Глаза у нее заиндевели, Лена отодвинулась от меня:

– Снова те же разговоры? Ты ведь знаешь – я не сдаю тебя.

– Я надеюсь. Теперь это уже вопрос нашей общей безопасности…

– Что ты хочешь сказать?

– Ничего, я хочу спросить – когда он тебе сделал это предложение?

– Сегодня… Часа в четыре… А что?

– Нет, ничего… Все нормально…

Хорошо у них работает связь. Шустро. Мой друг Санька Серебровский, по прозвищу Хитрый Пес, знал о том, что я абсолютно свободный отставной козы барабанщик, еще до того как мой рапорт об увольнении прошел священный бюрократический круг документооборота. И сделал своей подчиненной Лене Остроумовой, моей любимой подруге, предложение, которое отклонить нельзя. И очень не хочется.

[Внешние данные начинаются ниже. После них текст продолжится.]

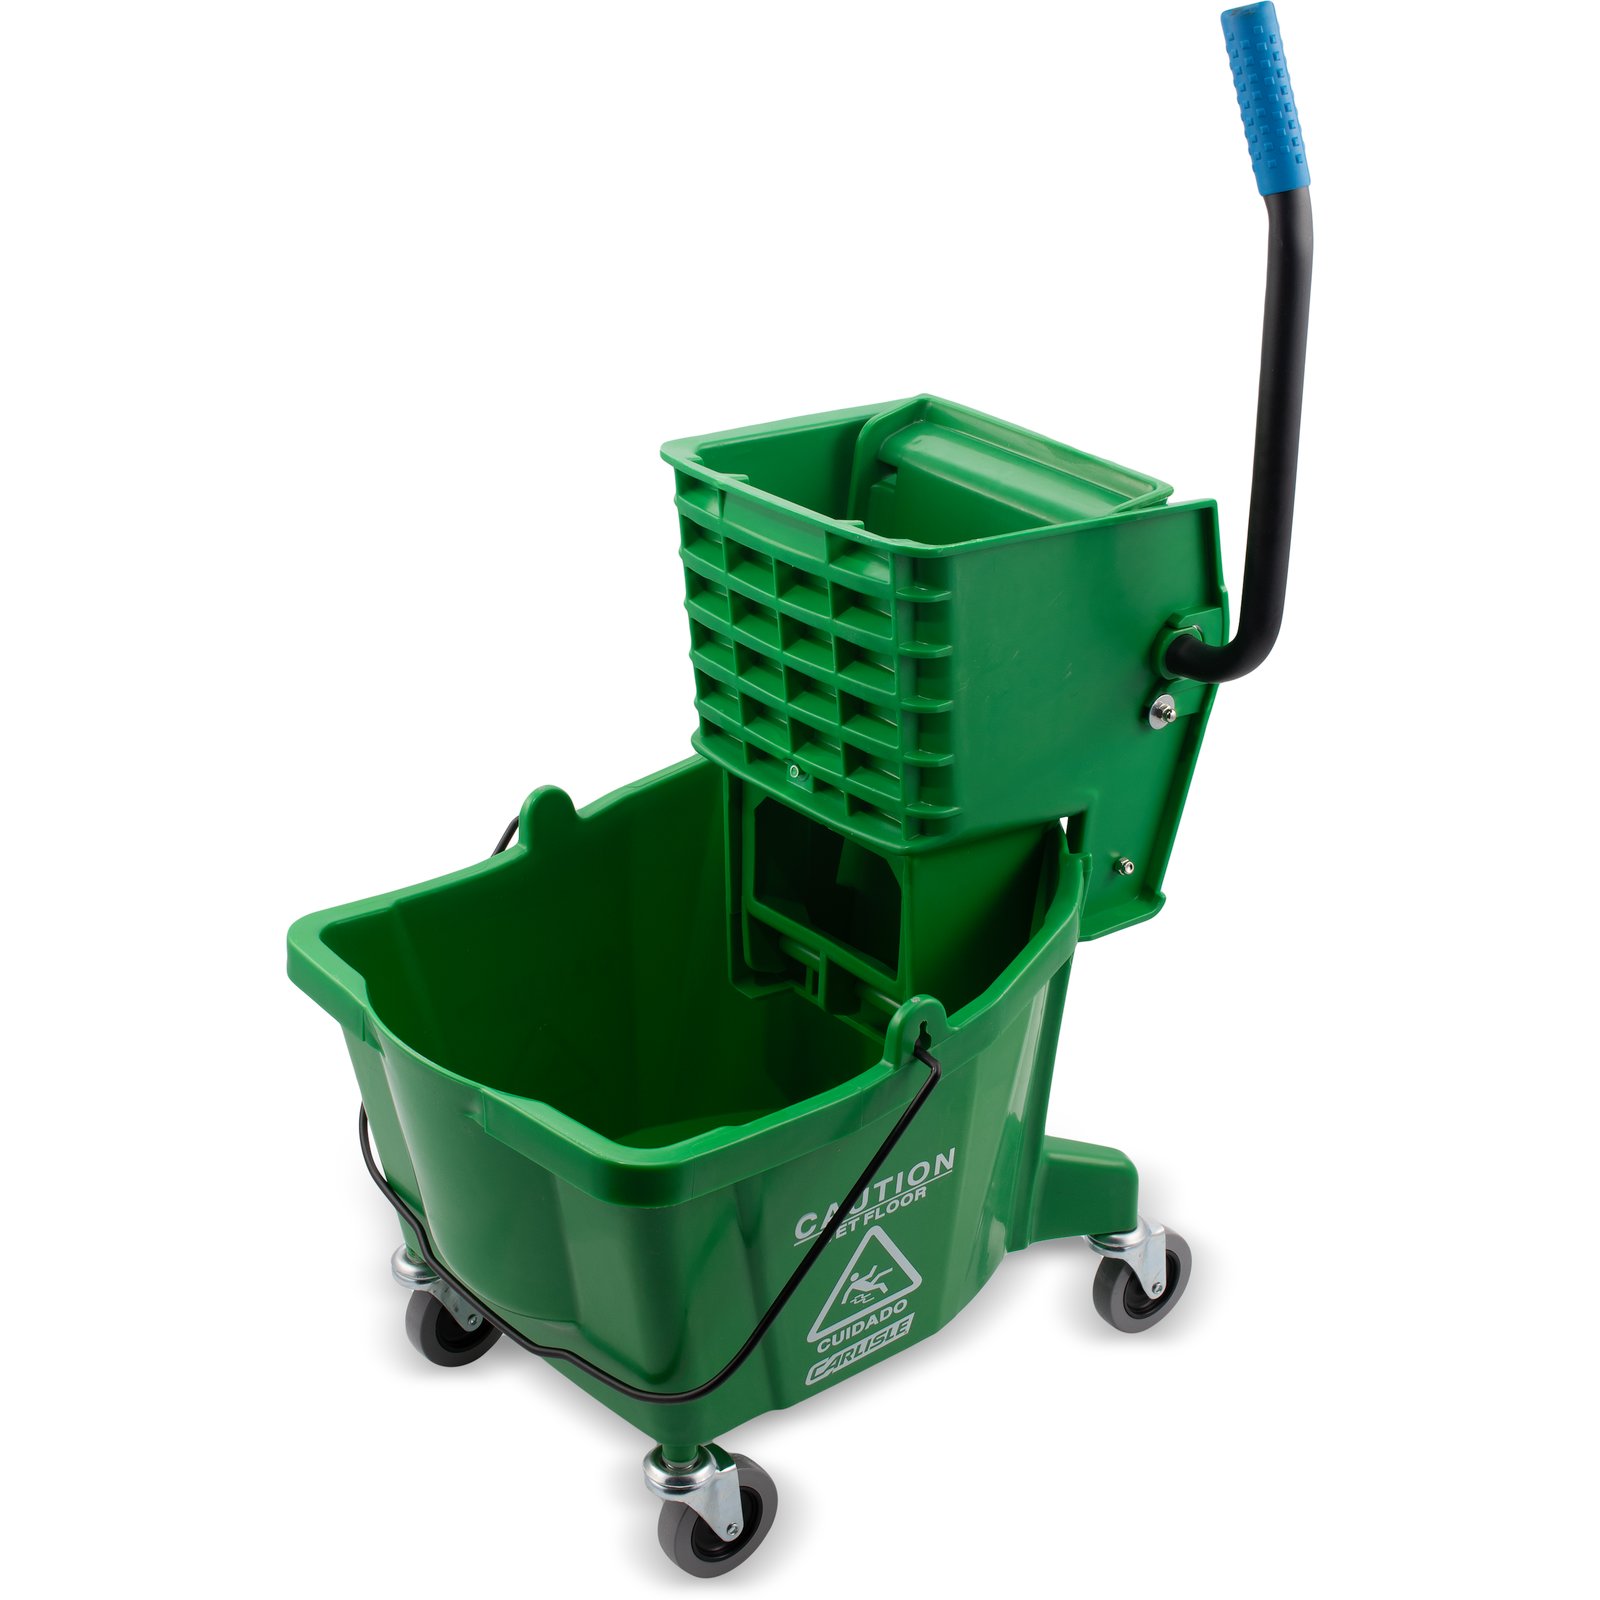 Small Mop & Bucket with Wringer - Mop and Bucket Combo

Лена не понимает, что он не с ней разговаривал. Это он со мной говорил. Он объяснял мне, чтобы я тут не отсвечивал. Не мешал, не болтался под ногами, не бубнил лишнего. А может, зря я на него так? Может, опасается, чтобы мне по головушке из слоновой кости в подъезде вечерней порой ломом не настучали?

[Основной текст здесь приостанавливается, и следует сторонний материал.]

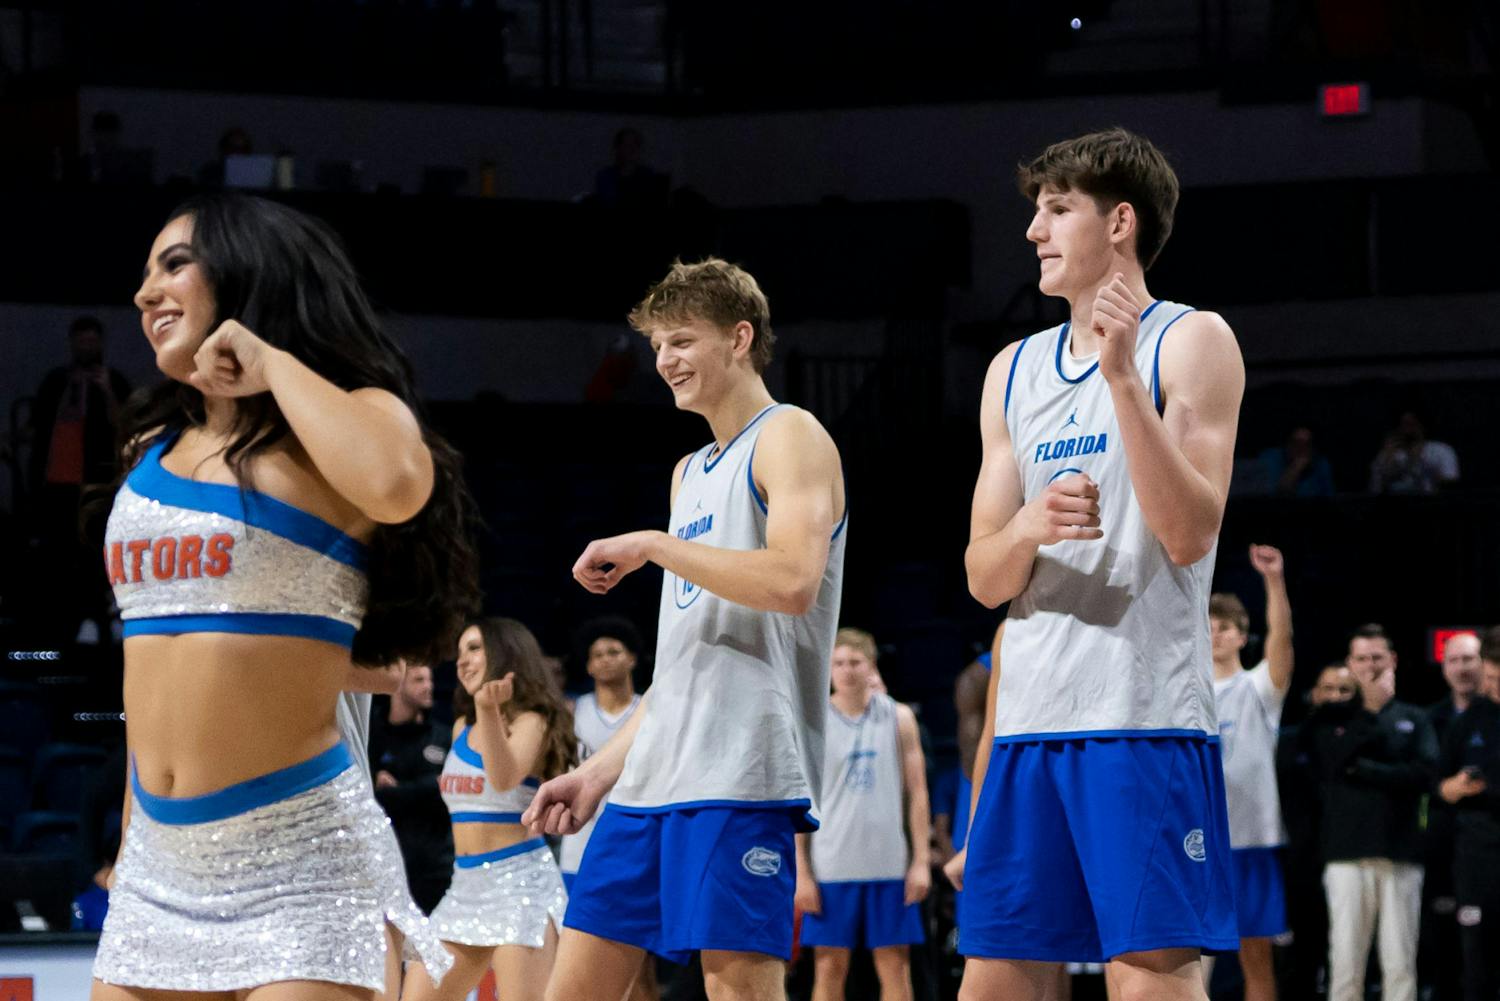 Alex Condon and Thomas Haugh dance with the Gator Dazzlers during the Orange & Blue Scrimmage in the Exactech Arena on Thursday, Nov. 2, 2023.

– Если ты против, я не поеду, – срывающимся голосом сказала Лена.

– Упаси Господи! Никогда! Я – только за!

– Сердишься?

– Нет, не сержусь… Грущу маленько…

– Серега, не поедешь?

– Нет… – помотал я головой. – День отъезда – день приезда считается за один день…

– Ты о чем?

– Ты – уезжаешь, я доехал… Сегодня – День свободы…

Сутки – тьма, нестерпимый свет, снова ночь – подмигнули, как фотовспышка. Пора прощаться.

– Я тебя отвезу в аэропорт?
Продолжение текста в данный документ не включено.